Resultant df should look like: df:
Collection ID status
0 [{'tom': 'one'}, {'tom': 'two'}] 10 1
1 [{'nick': 'one'}] 10 0
2 [{'julie': 'one'}] 14 1
I have tried to go along the np.where function which I have found closest to my problem from Stack Overflow but failing to get an alternative of df['Collection'].str.len()
which will give me the length of the list.

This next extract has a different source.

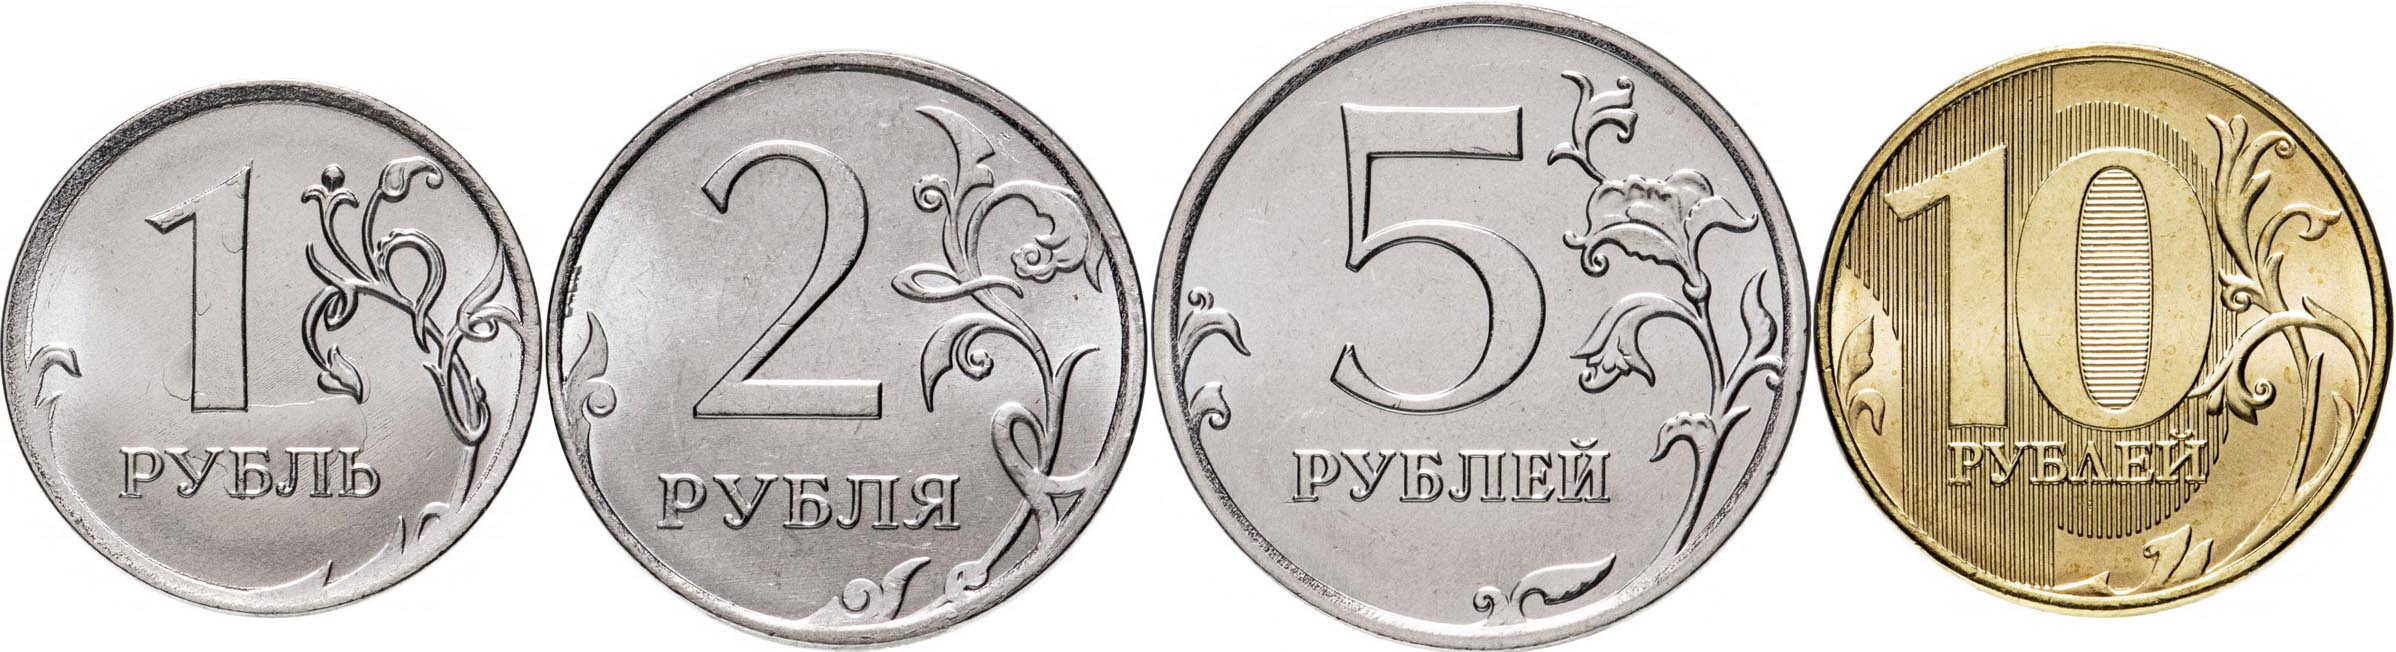 Рубль одной монетой 8. Монеты рубли. Монеты рубли на прозрачном фоне. 2 Рублевая монета 2020. Монеты России 2 рубль - 2020.

df['status']=np.where(df["Collection"].str.len() > 1, 1, 0)
Thanks in advance.
df to dict value:
{'Collection': {0: [{'tom': 'one'}, {'tom': 'two'}],
1: [{'nick': 'one'}],
2: [{'julie': 'one'}]},
'ID': {0: 10, 1: 10, 2: 14}}
CodePudding user response:
IIUC, you can do:
df.loc[df.assign(l=df['Collection'].apply(len)).groupby('ID').idxmax()['l'], 'status'] = 1
df['status'] = df['status'].fillna(0).astype(int)
In a later version of pandas, probably you need to supply numeric_only=True
in idxmax()
function.
output:
Collection ID status
0 [{'tom': 'one'}, {'tom': 'two'}] 10 1
1 [{'nick': 'one'}] 10 0
2 [{'julie': 'one'}] 14 1
CodePudding user response:
A possible solution:
df['status'] = df['Collection'].map(len)
df['status'] =(df.groupby('ID', sort=False)
.apply(lambda g: 1*g['status'].eq(max(g['status'])))
.reset_index(drop=True))
Output:
Collection ID status
0 [{'tom': 'one'}, {'tom': 'two'}] 10 1
1 [{'nick': 'one'}] 10 0
2 [{'julie': 'one'}] 14 1